As O’Hehir notes, the self-proclaimed conservatives of the GOP have morphed from the “supercilious, upper-crust conservatism “of William F. Buckley Jr., whom he accurately describes as the dictionary definition of an elitist, to the delusional ignorance of Alex Jones and the small-minded hatred of Charlottesville.

The basic premise of Marcotte’s book is that Trump is not an anomaly. Much as we might like to believe that we are living in a time that is a departure from the trajectory of American history, Marcotte sees Trump as the logical conclusion of an undercurrent in conservatism that’s been going on for decades — attitudes and resentments encouraged by talk radio, Fox News and their imitators that have “reconstructed” American conservatism. Today, rather than political opinions or policy positions, it’s all about hate and bigotry and who doesn’t belong–who isn’t a “real” American.

Plenty has been written about Fox News, talk radio and other media that ranges from spin to propaganda, and the extent to which those outlets are implicated in the twisted worldviews of their audience, but Marcotte shares an important insight that often gets overlooked:

I want to convey in this book, and I hope in this interview, that conservative audiences respond to this kind of media because they want to. I think we underestimate how much people are going to do what they want to do and believe what they want to believe.

Blaming the propagandists and conspiracy theorists lets their audiences off the hook–it assumes a lack of moral agency.
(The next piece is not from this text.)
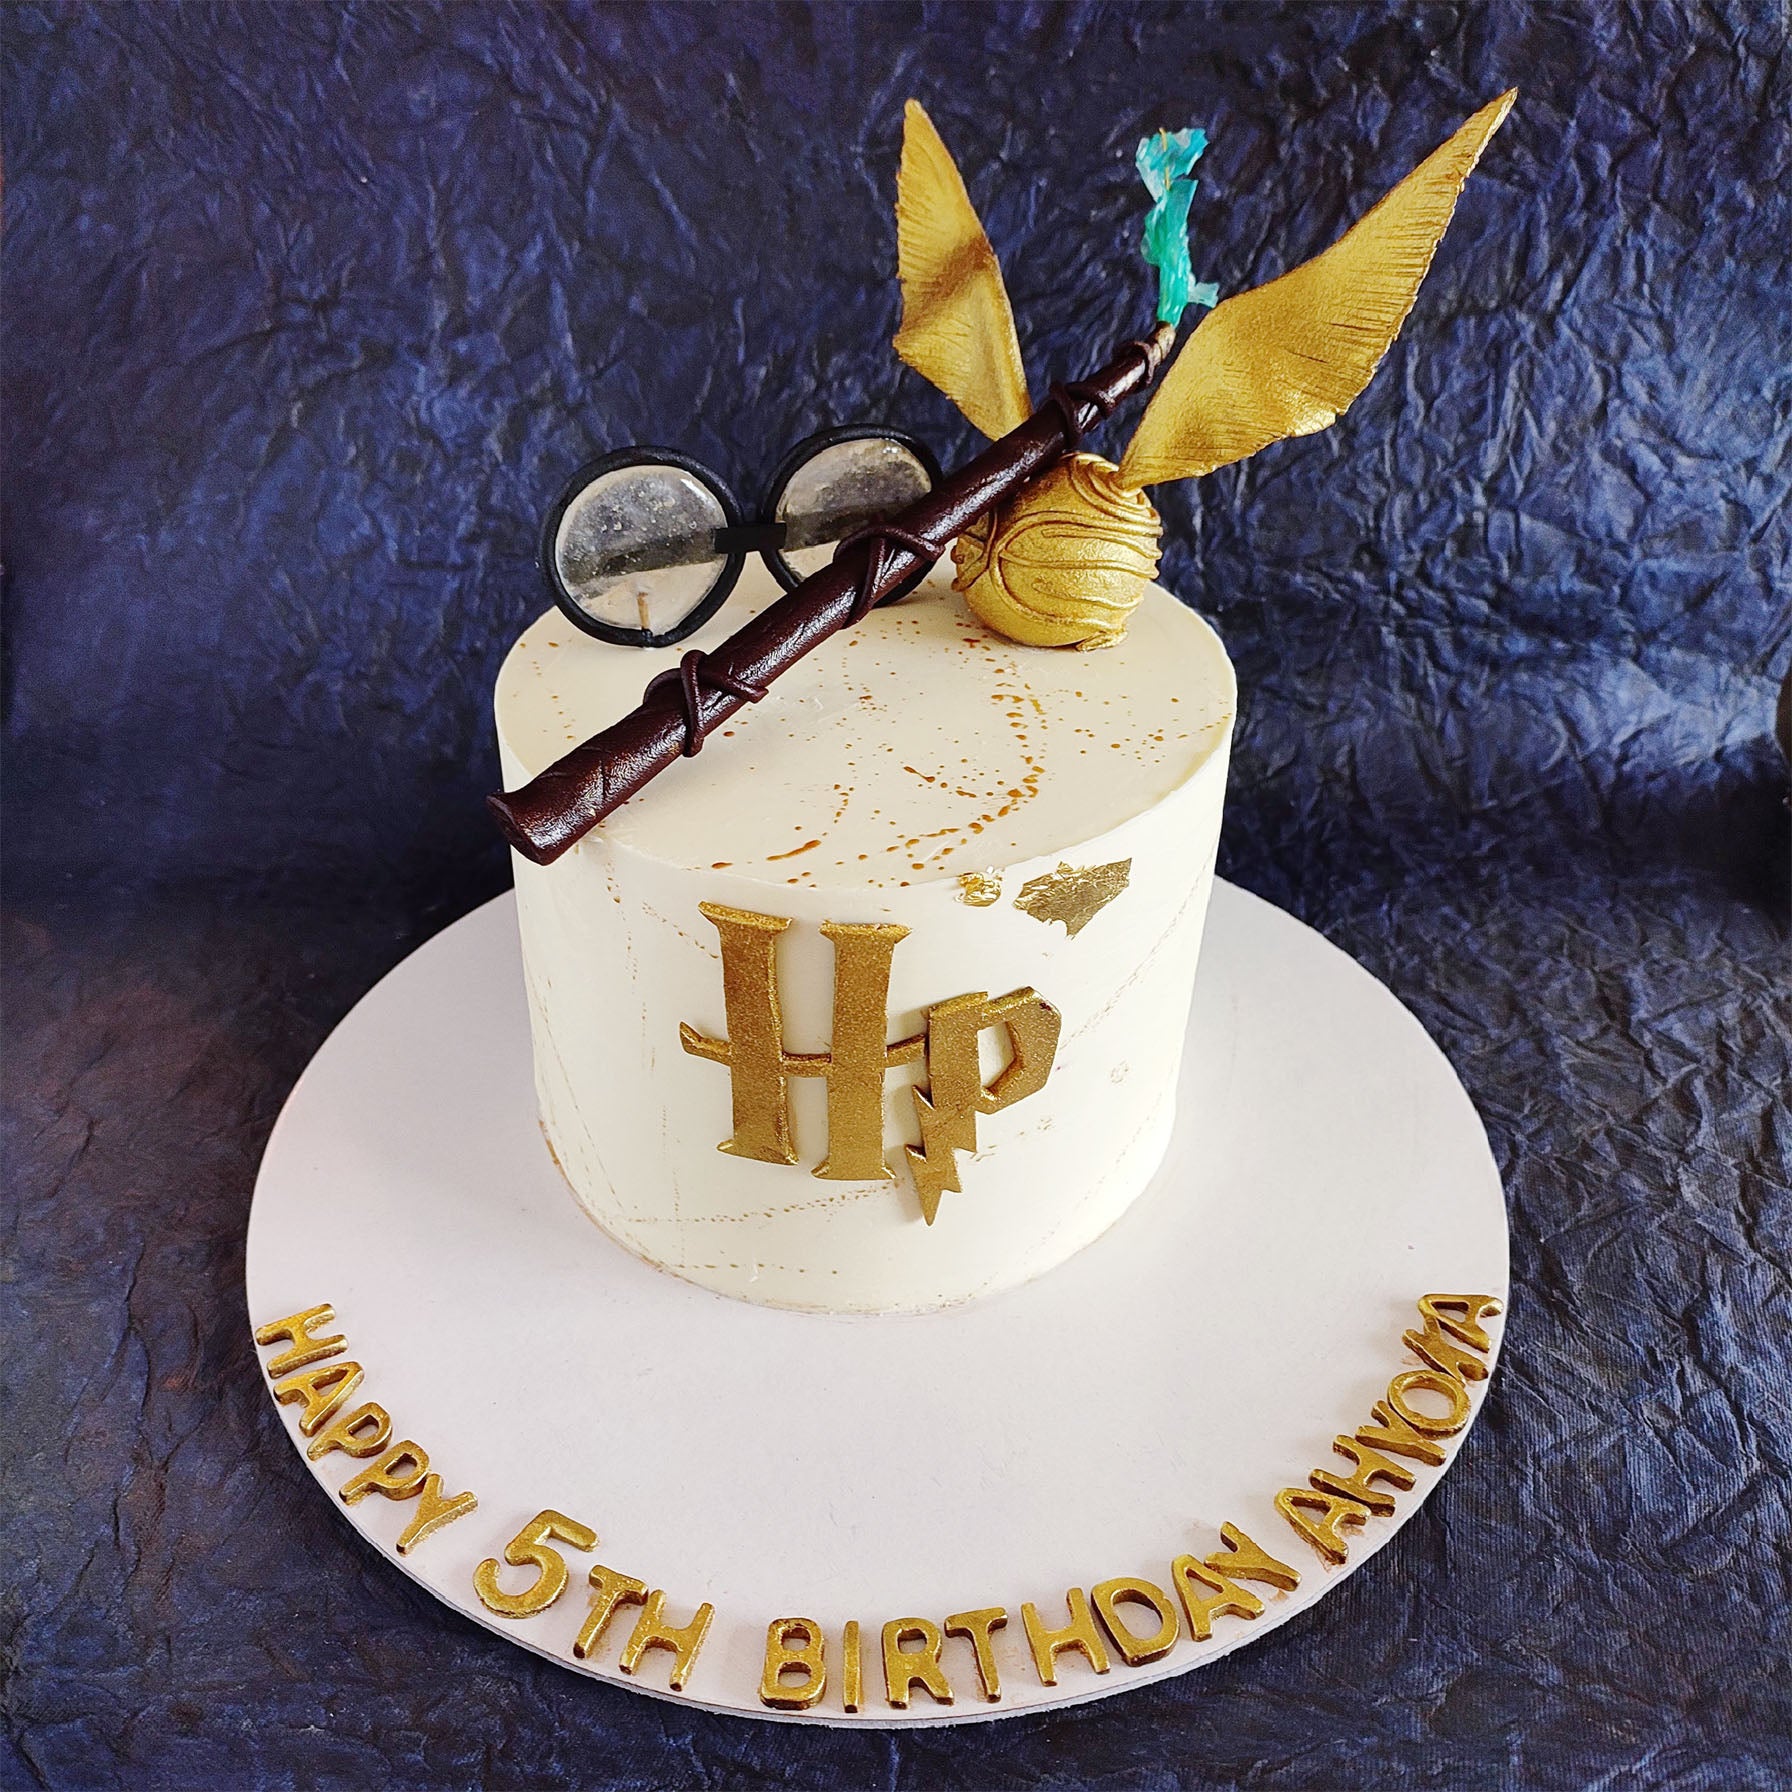 Harry Potter Theme ❤️ . Cake 🎂 By @_cake_cream_ ❤️ ••••••••••• . . DM for  Queries and Orders ❤️ Delivering PAN India 🇮🇳 . . . . Follow… | Instagram

The people who parrot “Fox and Friends” choose their news, and they choose not to balance it with other perspectives. For whatever reason–impelled by whatever inadequacies and resentments–they choose to indulge in confirmation bias rather than resisting it.

It’s co-dependency.

Without their willingness to suspend critical thinking–their desperate need to believe in their own racial and/or religious and/or gender superiority, the Rush Limbaughs and Fox News blonds and purveyors of Pizza conspiracies would be out of business.